(f) “Code” shall mean the Internal Revenue Code of 1986, as amended from time to time, and any regulations promulgated thereunder. References in the Plan to specific sections of the Code shall be deemed to include any successor provisions thereto.
(g) “Committee” shall mean, at the discretion of the Board of Directors, a committee of the Board of Directors, which shall consist of two or more persons, each of whom, unless otherwise determined by the Board of Directors, is a “nonemployee director” within the meaning of Rule 16b-3.
(h) “Company” shall mean Endo, Inc., a Delaware corporation, and, where appropriate, each of its Subsidiaries.
(i) “Company Stock” shall mean common shares of the Company, par value $0.001 per share.
(j) “Disability” shall mean permanent disability as determined pursuant to the Company’s long-term disability plan or policy, in effect at the time of such disability.
(k) “Effective Date” shall mean the date in which a confirmed chapter 11 plan in the cases captioned In re Endo International plc, Case No. 22-22549 (JLG) (Bankr.
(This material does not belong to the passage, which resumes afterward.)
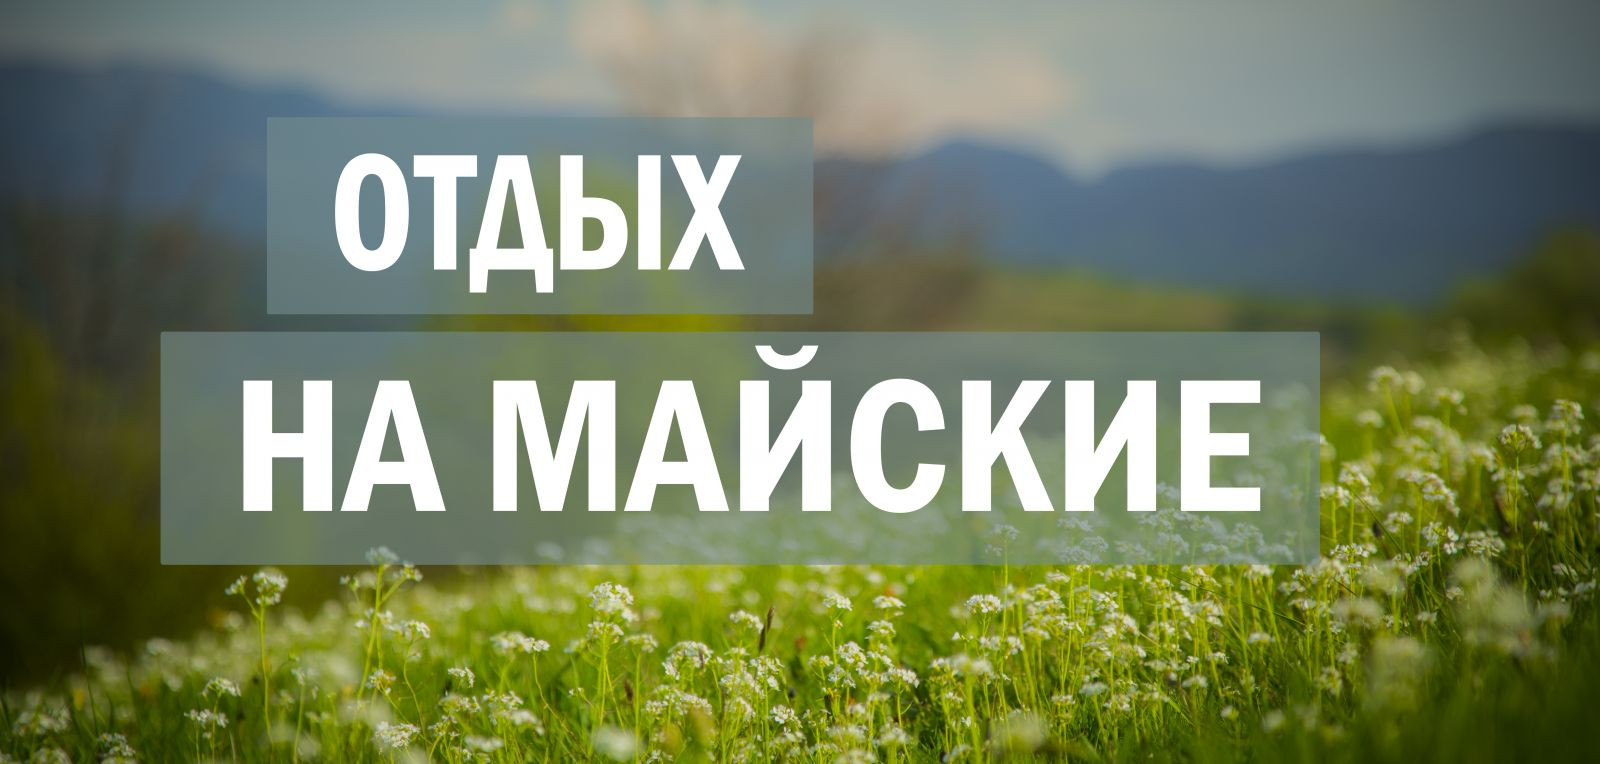 Правительство России обнародовало расписание выходных на майские праздники в 2019 году
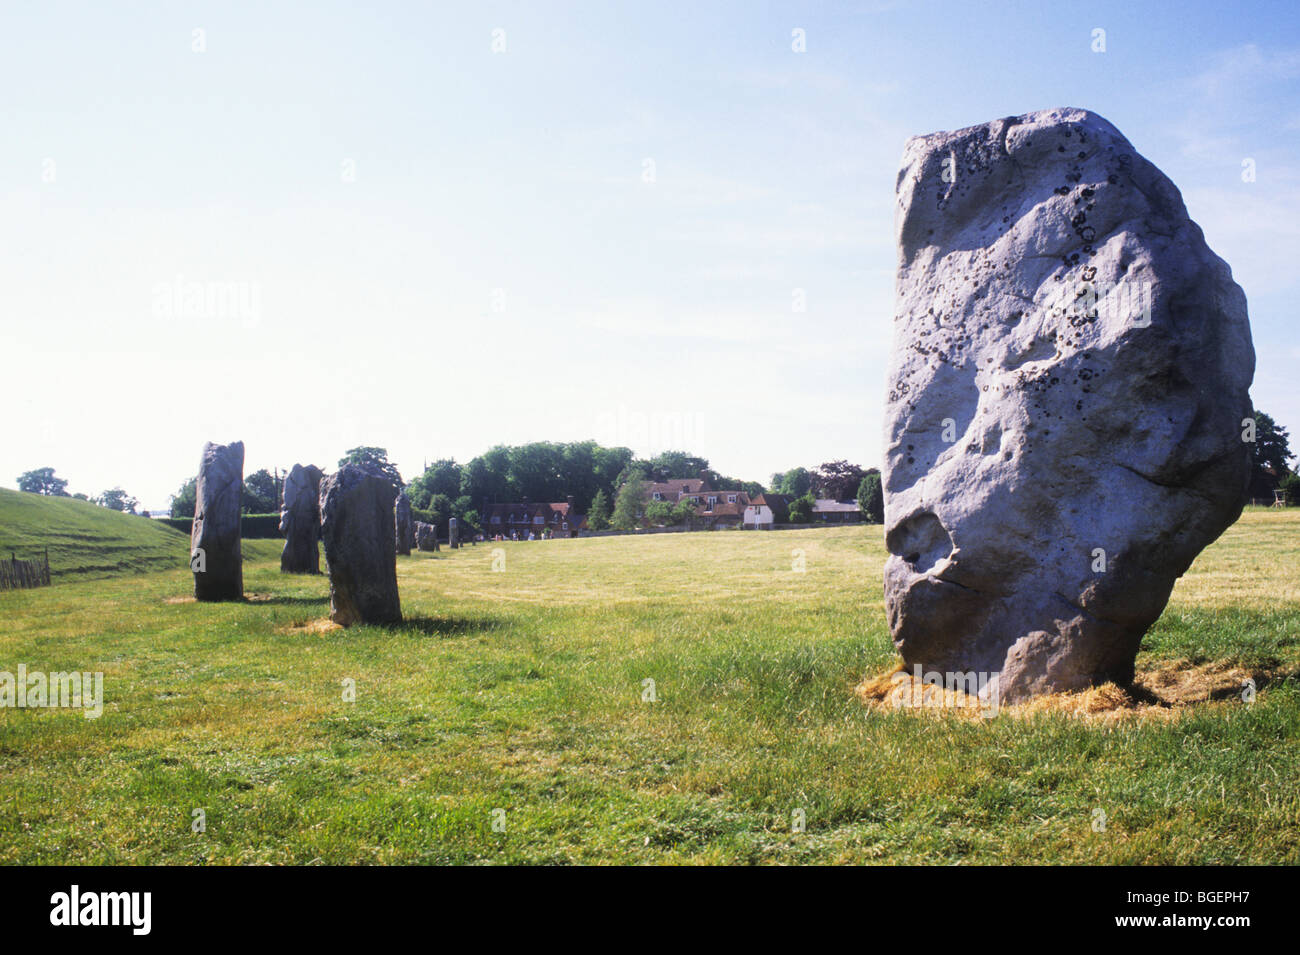 Avebury Wiltshire inglese preistoria preistorica stone circle cerchi Inghilterra pietre sarsen religione sito religioso Foto Stock

S.D.N.Y.) goes effective.
(l) “Exchange Act” shall mean the Securities Exchange Act of 1934, as amended from time to time.
(m) “Expiration Date” shall mean the tenth anniversary of the Effective Date.
(n) The “Fair Market Value” of a share of Company Stock, as of a date of determination, shall mean (i) the closing sales price per share of Company Stock on the national securities exchange on which such stock is principally traded, or (ii) if the shares of Company Stock are listed on a national securities exchange but were not traded on such exchange on the date of determination (e.g., if the date of determination is a Saturday, Sunday, federal holiday, etc.), the closing sales price per share of Company Stock as reported by the applicable exchange for the last preceding date on which there was a sale of such stock on such exchange, or (iii) if the shares of Company Stock are not then listed on a national securities exchange, such value as determined by the Committee in good faith. In no event shall the fair market value of any share of Company Stock, the Option exercise price of any Option, the appreciation base per share of Company Stock under any Stock Appreciation Right, or the amount payable per share of Company Stock under any other Award, be less than the par value per share of Company Stock.
(o) “Incentive Stock Option” shall mean an Option that is an “incentive stock option” within the meaning of Section 422 of the Code, or any successor provision, and that is designated by the Committee as an Incentive Stock Option.
(p) “Nonemployee Director” shall mean a member of the Board of Directors who is not an employee of the Company.